Entender a política não é apenas um direito, e, sim, um dever de todos trabalhadores que preservam a esperança de que ainda é possível, pelas vias institucionais que o sistema permite, reverter esta onda de retrocessos avassaladora que vem sendo esparramada diariamente pelos golpistas que assaltaram o poder.
Por Antonio Cavalcante Filho
Nesse início de século, vivemos em nosso país um dos momentos mais tenebrosos dos últimos 100 anos. Com tamanha decadência de valores humanísticos, de justiça social e ético, nunca ficou tão explícita a farsa da democracia burguesa, que muitos sociólogos e historiadores sérios já vinham denunciando há décadas.
Nesse início de século, vivemos em nosso país um dos momentos mais tenebrosos dos últimos 100 anos. Com tamanha decadência de valores humanísticos, de justiça social e ético, nunca ficou tão explícita a farsa da democracia burguesa, que muitos sociólogos e historiadores sérios já vinham denunciando há décadas.
O historiador Sergio Buarque de Holanda, lá pelos idos de 1930, dizia
que, “a democracia foi sempre, no Brasil, um lamentável mal-entendido.
Uma aristocracia rural e semifeudal importou-a e tratou de acomodá-la
aos seus direitos e privilégios”.
Hoje, enquanto a grande maioria dos países busca a sua soberania com
independência política e econômica, nessa pseuda-república, uma classe
escravagista-cleptocratica, após assaltar o poder através de um golpe
parlamentar-judiciário-midiático-empresarial-elitista, em pleno século
XXI, submete novamente o nosso país aos interesses
rentista-imperialista-colonialistas.
O Brasil é o nono país mais desigual do mundo.

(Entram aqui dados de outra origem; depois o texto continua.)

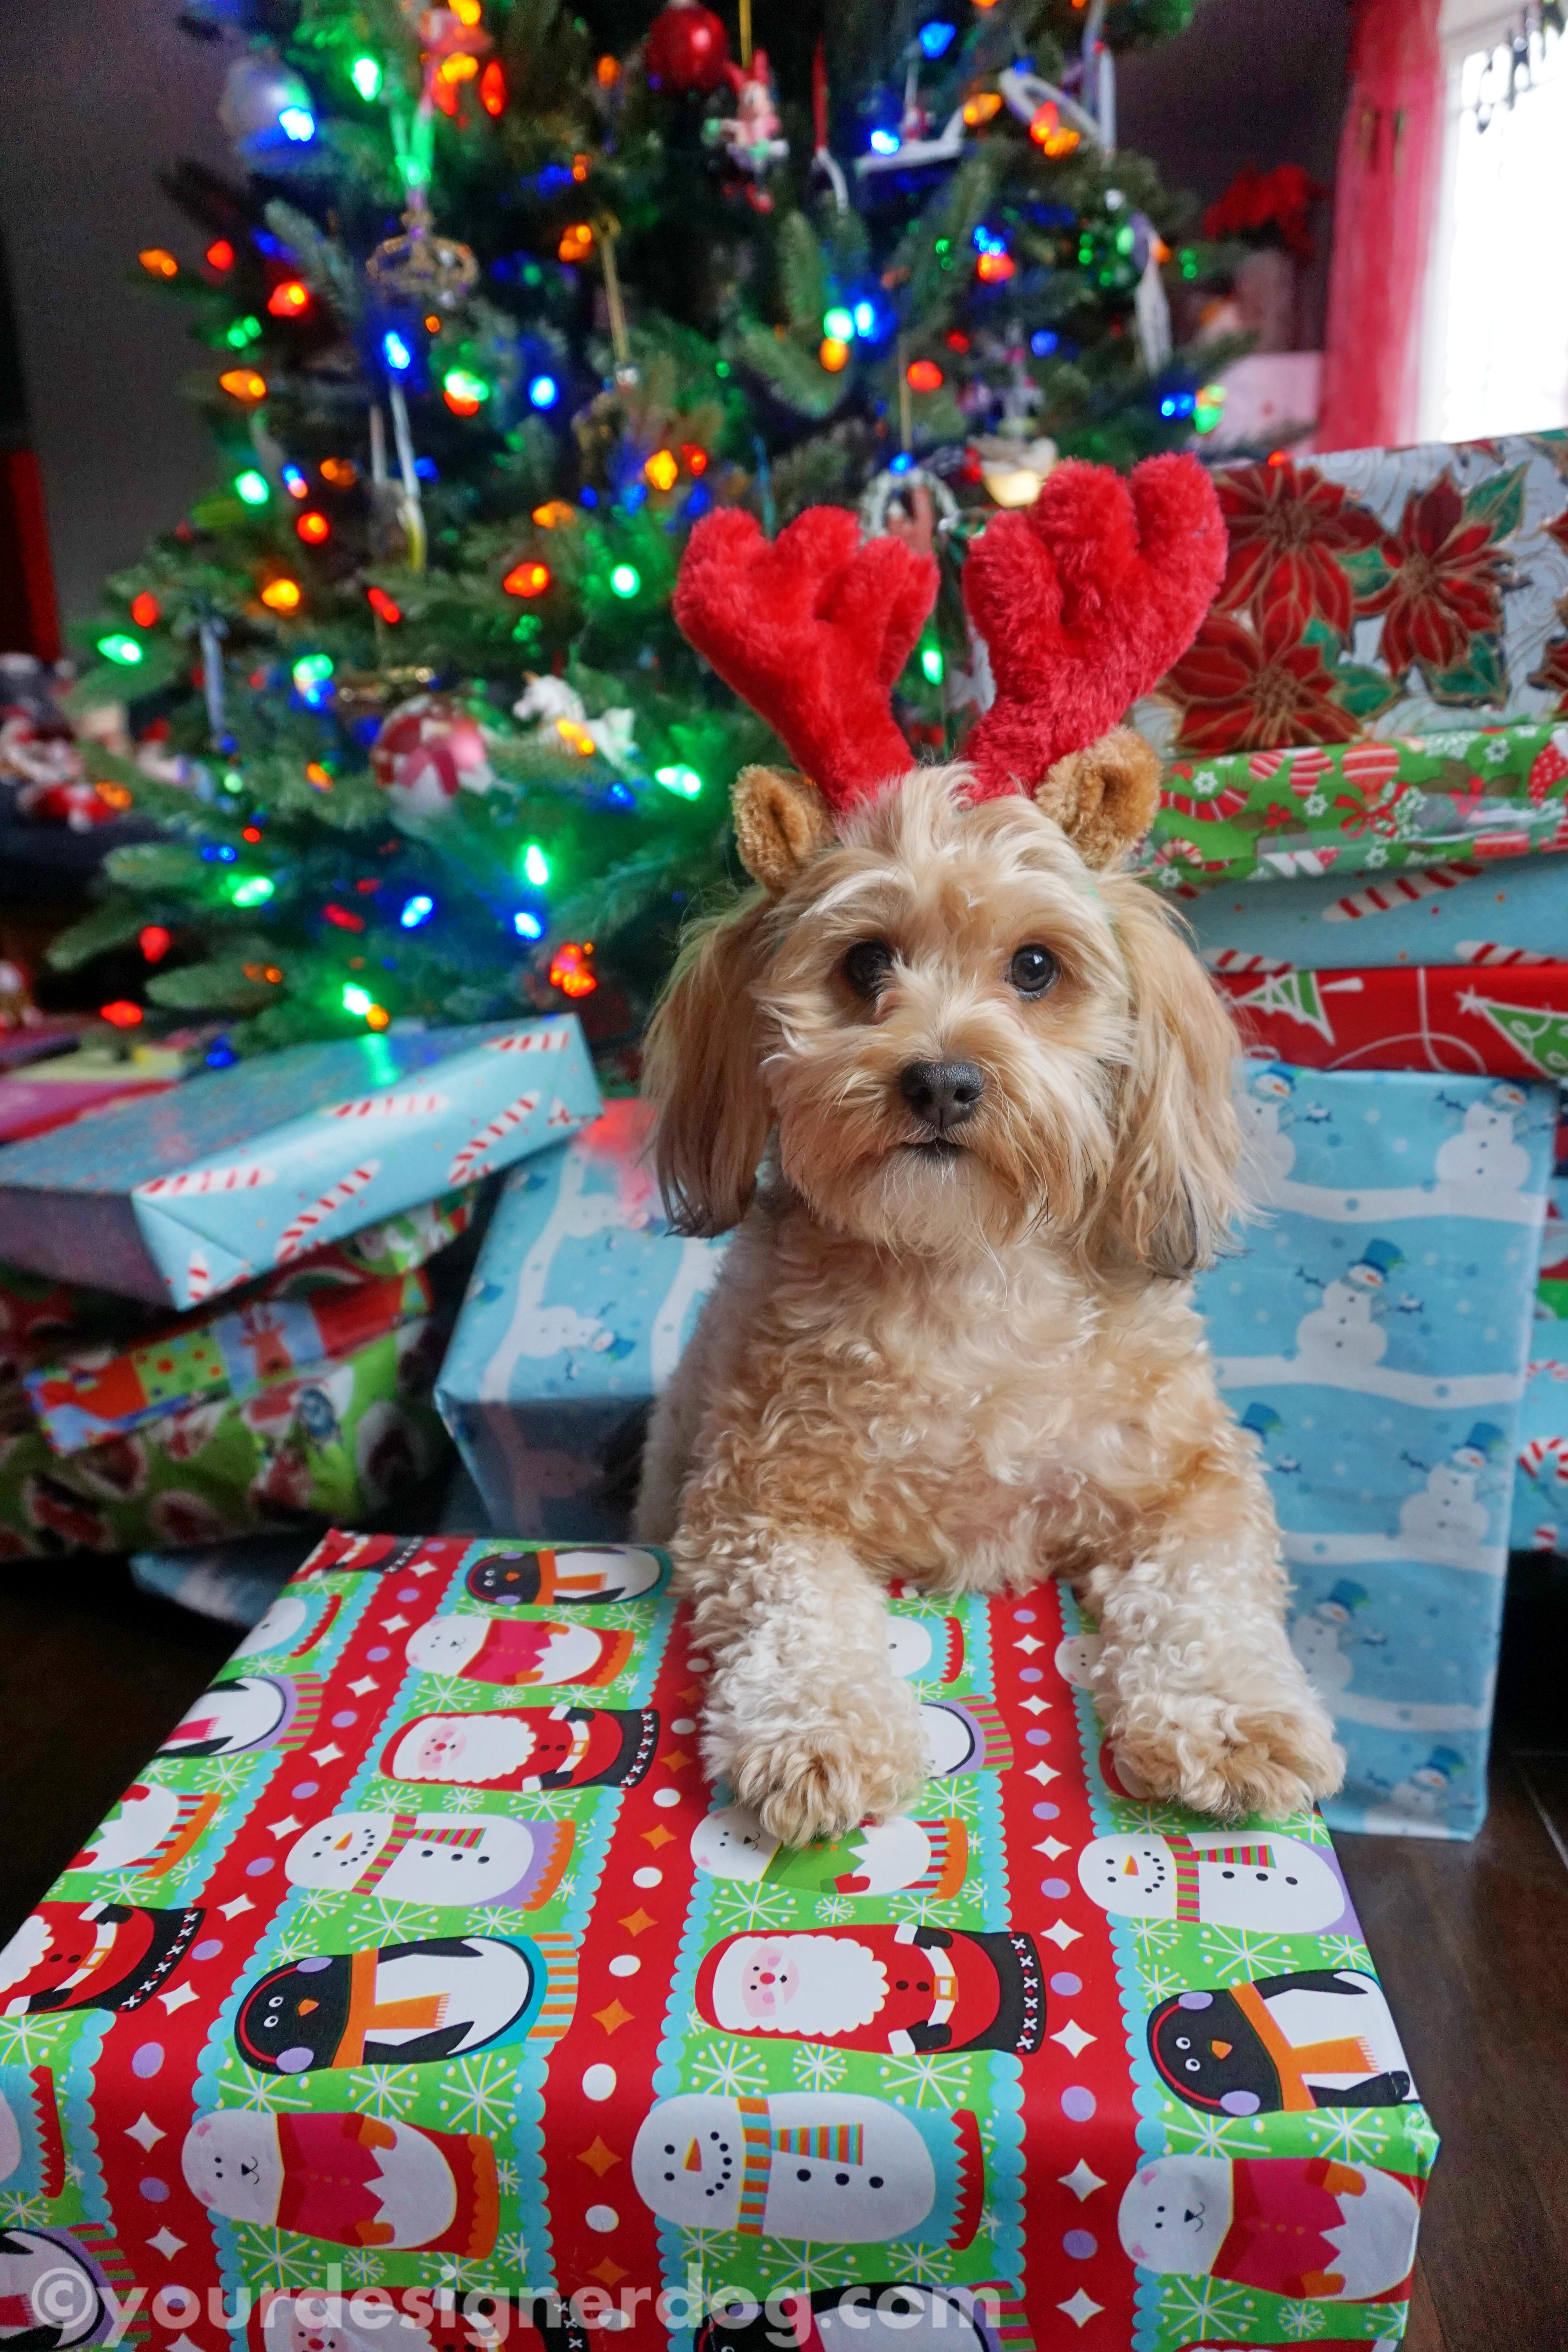 dogs, designer dogs, yorkipoo, yorkie poo, christmas tree, presents, reindeer
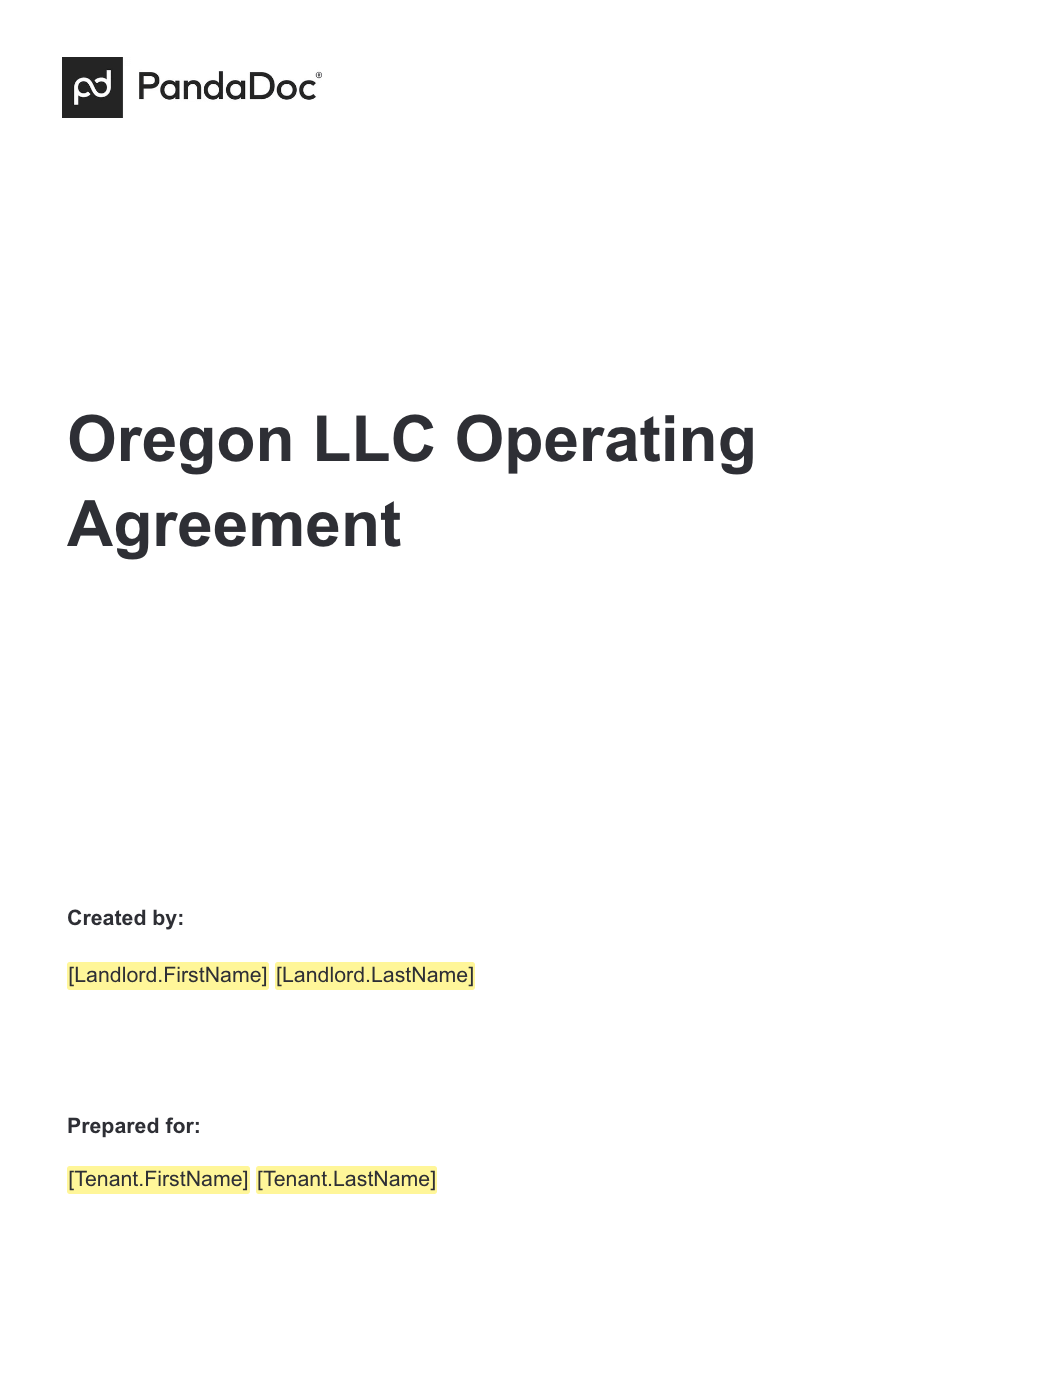 Oregon LLC Operating Agreement

Aqui, os 5% mais ricos
detêm a mesma fatia de renda que os demais 95% da população. Isto faz
com que os seis brasileiros mais ricos concentrem a mesma riqueza que os
100 milhões de brasileiros mais pobres.
Democracia não é tão somente “igualdade perante a lei”, é muito mais,
é geração de emprego, distribuição de renda, oportunidade de educação e
saúde pública de qualidade para todos. Democracia é o direito à
moradia, ao lazer, à cultura e igualdade de bens materiais a todos os
cidadãos. Estas conquistas jamais alcançaremos, enquanto as mesmas
elites opulentas, antissociais e conservadoras, que sempre mandaram no
Brasil, perpetuarem-se no poder.
Se a nossa renda média é de apenas R$ 1.268,00 mensais, se mais de
100 milhões de trabalhadores ganham até um salário mínimo e, entre
esses, mais de 50 milhões vivem na linha da pobreza, e cerca de 16
milhões vegetam na penúria, como podemos afirmar ainda que somos uma
nação democrática?
Democracia não é também apenas o “direito de votar”. Tanto é que, a
representação política no Brasil não reflete em nada a realidade da
maioria do povo brasileiro. Aqui, 51,48% da população é mulher, no
entanto, apesar da grande maioria delas serem eleitas com o apoio dos
seus maridos, dos seus pais ou dos seus irmãos, a sua representação é de
apenas 9,9% na Câmara Federal. Já a população negra que atinge o
percentual de 54%, no entanto, ocupa somente um quinto das cadeiras da
Câmara.
E o que é ainda pior, se a bancada empresarial que representa o
interesse dos 5% mais ricos têm 246 parlamentares, enquanto a bancada
sindical que representa o interesse da maioria dos trabalhadores tem
apenas 46 parlamentares, não é uma ilusão acreditar que vivemos numa
democracia?
Lembremos que o judiciário (com letra minúscula mesmo), repetindo o
que já havia feito em 1964, também chancelou o golpe de 2016 com a
“preciosa” ajuda de seus “auxiliares” cristalizados nos promotores e na
polícia (federal), dando grande contribuição para a destruição da
indústria naval, da engenharia nacional, do petróleo, e agora ataca a
indústria da alimentação. Tudo isso contribuiu, de maneira perversa,
para a ampliação do número de pessoas desempregadas ou subempregadas.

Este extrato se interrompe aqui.